To evaluate the model, this confusion matrix displays how many samples were correctly predicted in each Genetic Origin, giving an idea of which classes performed better or worse. The best performing class was Non-Stiff-Stalk with only 2 incorrect predictions out of 24.

# Calculate class errors
class_errors <- confusion_table %>%
  group_by(Reference) %>%
  summarize(Total = sum(Freq),
            Errors = sum(Freq[Prediction != Reference]),
            ErrorRate = Errors / Total)

# Create an interactive bar chart with gradient color scale
p_error <- ggplot(class_errors, 
            aes(x = Reference, y = ErrorRate, 
                fill = ErrorRate,  # Map fill to ErrorRate
                tooltip = paste0("Class: ", Reference, "<br>",
                                 "Error Rate: ", scales::percent(ErrorRate, accuracy = 0.1)), 
                data_id = Reference)) +
  geom_bar_interactive(stat = "identity", color = "black") +
  scale_fill_gradient(low = "white", high = "red") +  # Gradient from white to red
  labs(x = "Class", y = "Error Rate", title = "Class Error Rates") +
  scale_y_continuous(labels = scales::percent_format(accuracy = 1)) +  # Display y-axis as percentage
  theme(
    plot.title = element_text(face = "bold", hjust = 0.5, size = 18),  # Center title
    axis.title.x = element_text(face = "bold", size = 16),  # Bold axis titles
    axis.title.y = element_text(face = "bold", size = 16),
    axis.text.x = element_text(angle = 45, hjust = 1, face = "bold"),  # Rotate x-axis labels
    axis.text.y = element_text(face = "bold")
  )

# Render the interactive plot with ggiraph
interactive_plot = girafe(ggobj = p_error, 
                           width_svg = 10,
                           height_svg = 7)

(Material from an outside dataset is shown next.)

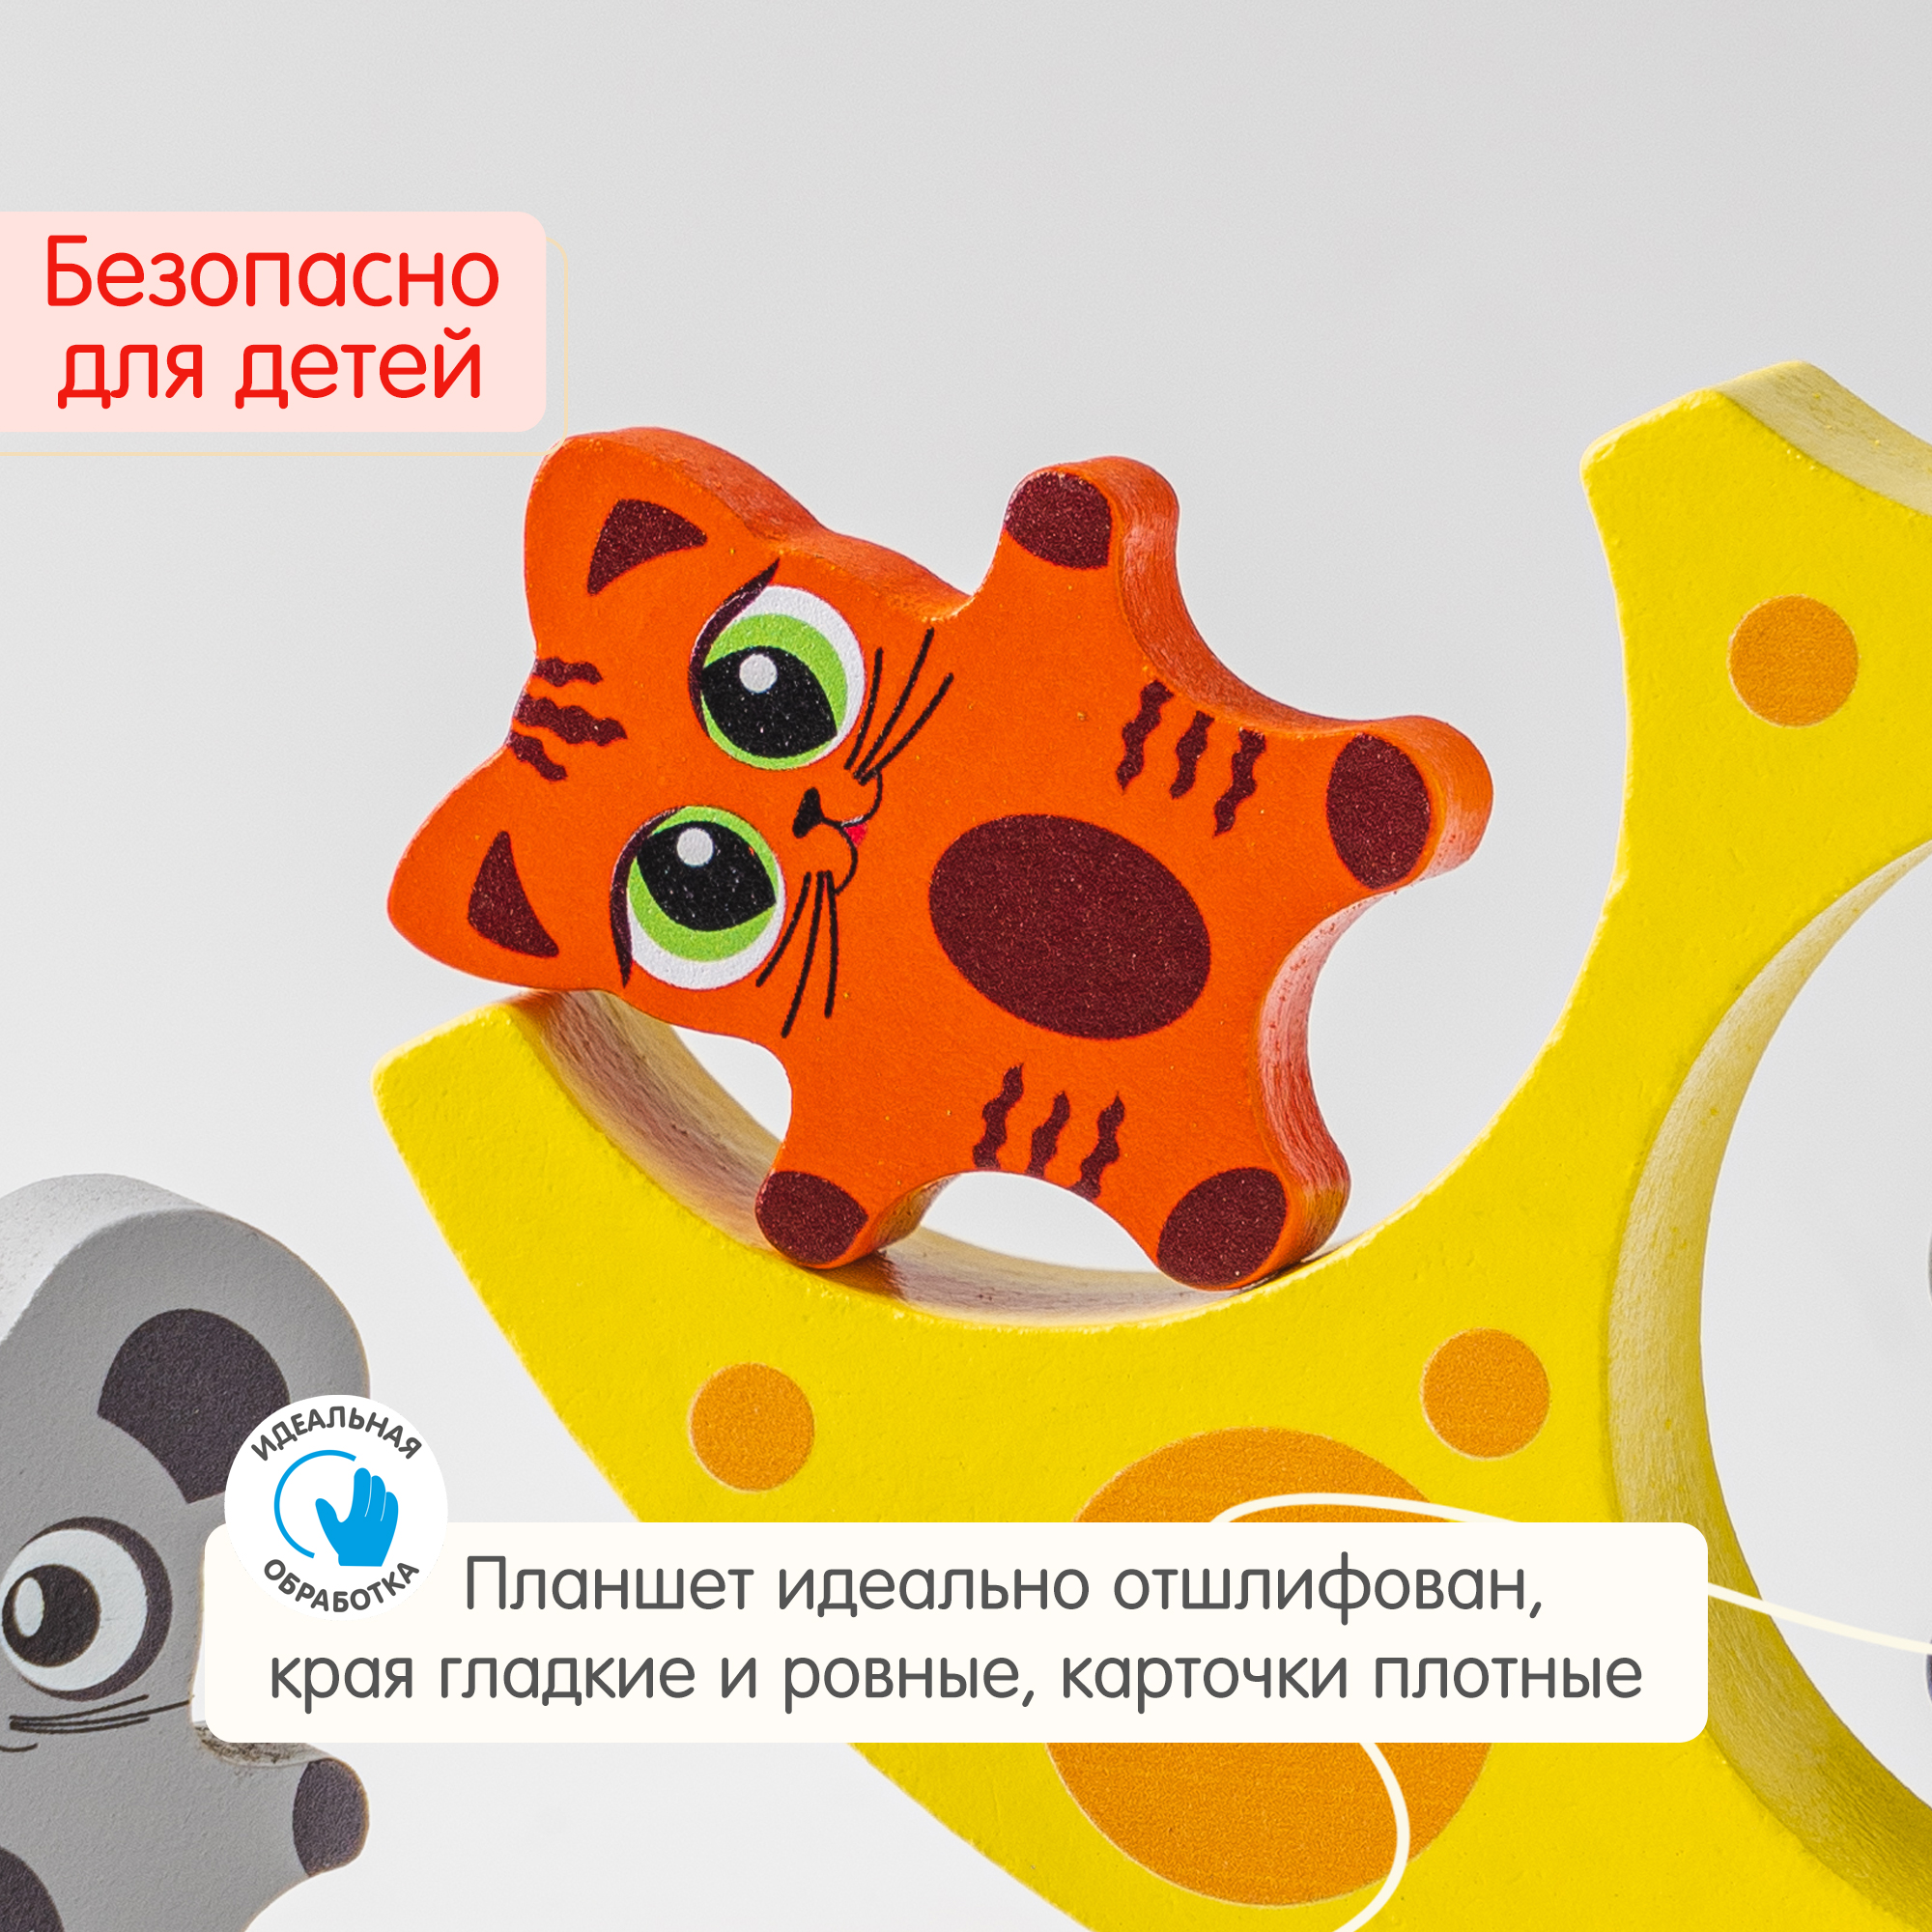 Балансир Кошки-Мышки Алатойс 8 фигурок деревянная развивающая игра - фото 7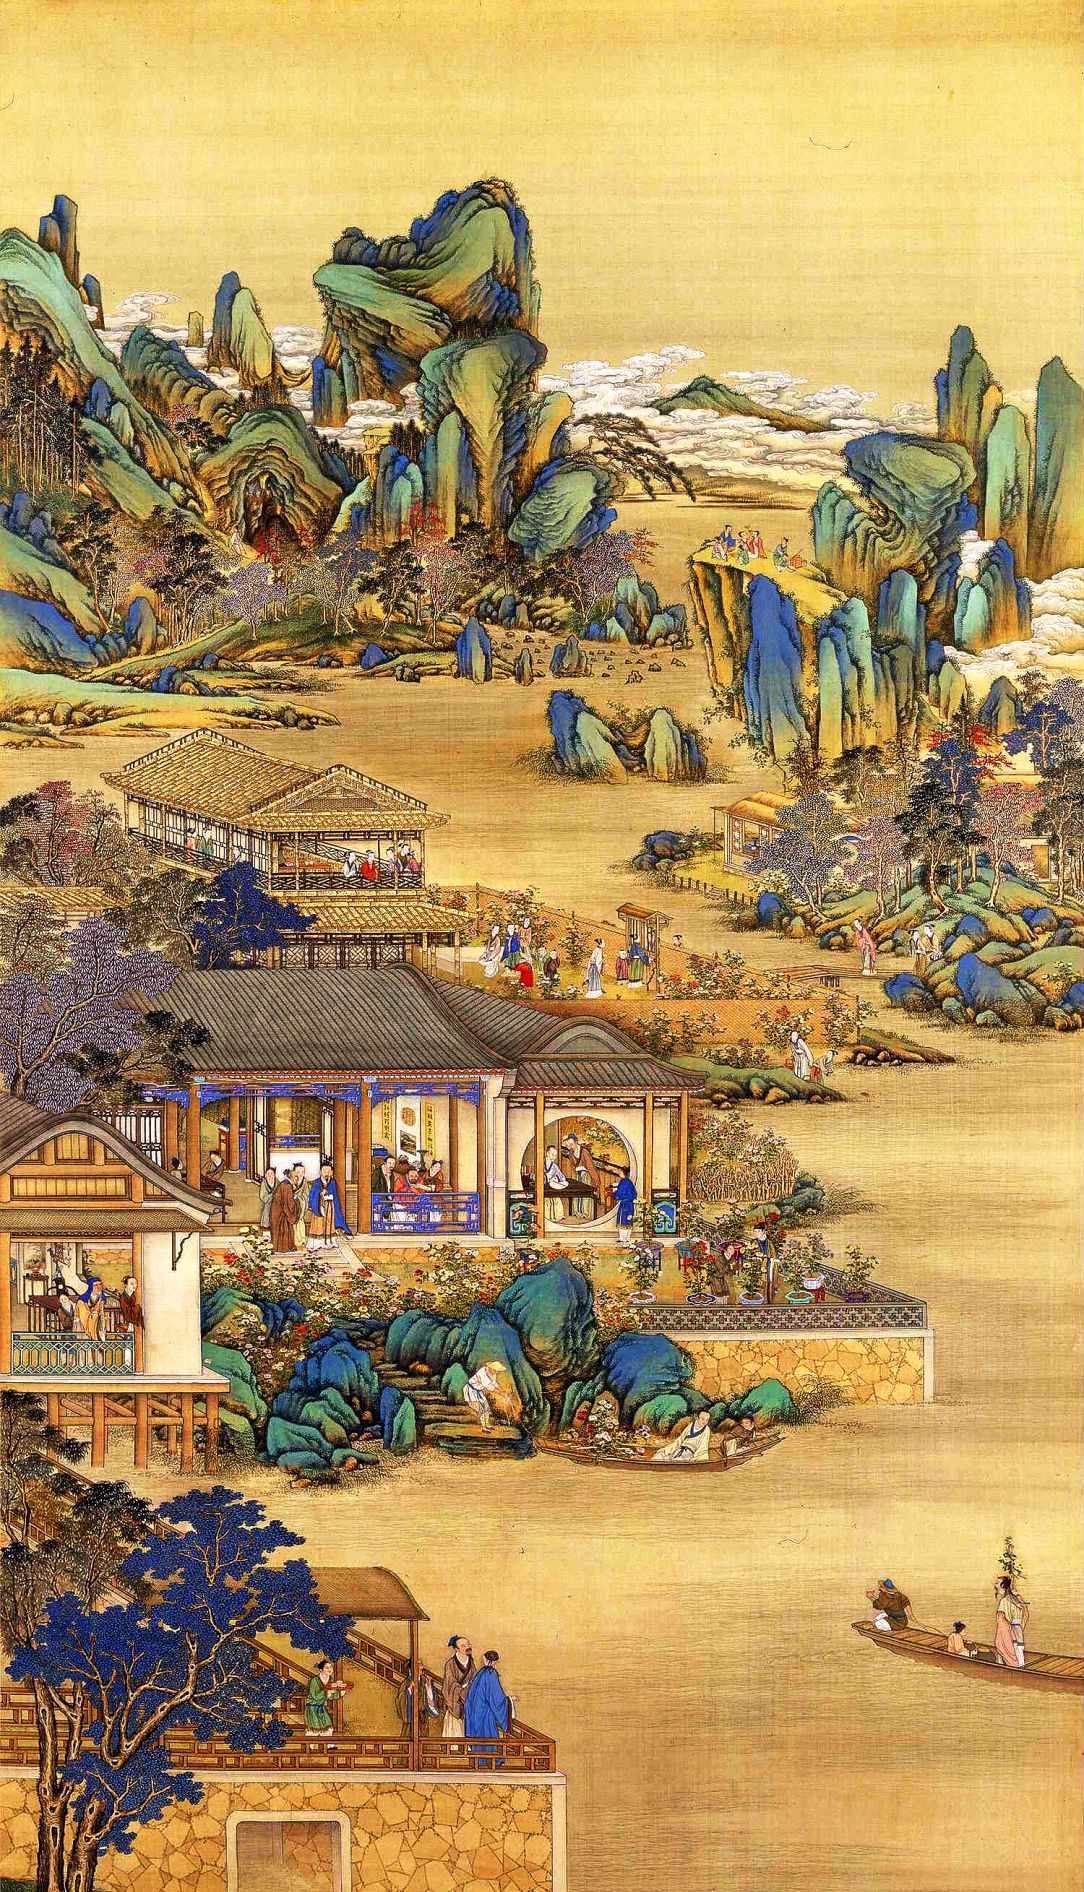 故宫珍藏《雍正十二月行乐图》——皇帝生活一窥圆明园真实面貌

interactive_plot = girafe_options(
  interactive_plot,
  opts_hover(css = "fill:Blue;stroke:black;")
)

interactive_plot

This graph displays the class errors for each Genetic Origin. As seen with the confusion matrix, Mixed has the highest error while Non-Stiff-Stalk has the least. This could be due to the fact that Mixed does not have as many samples as the other classes along with being a combination of all the other Genetic Origins. As a result, the phenotypic measurements vary widely and can get mixed up with other classes.

girafe(
  ggobj = p / p_error,
  width_svg = 10, height_svg = 10
) %>% 
  girafe_options(
    opts_hover(css = "fill:black;")
  )

This last plot allows you to see the relationship between class error and its variance / number of data points. Hover over a bar to see the corresponding cluster.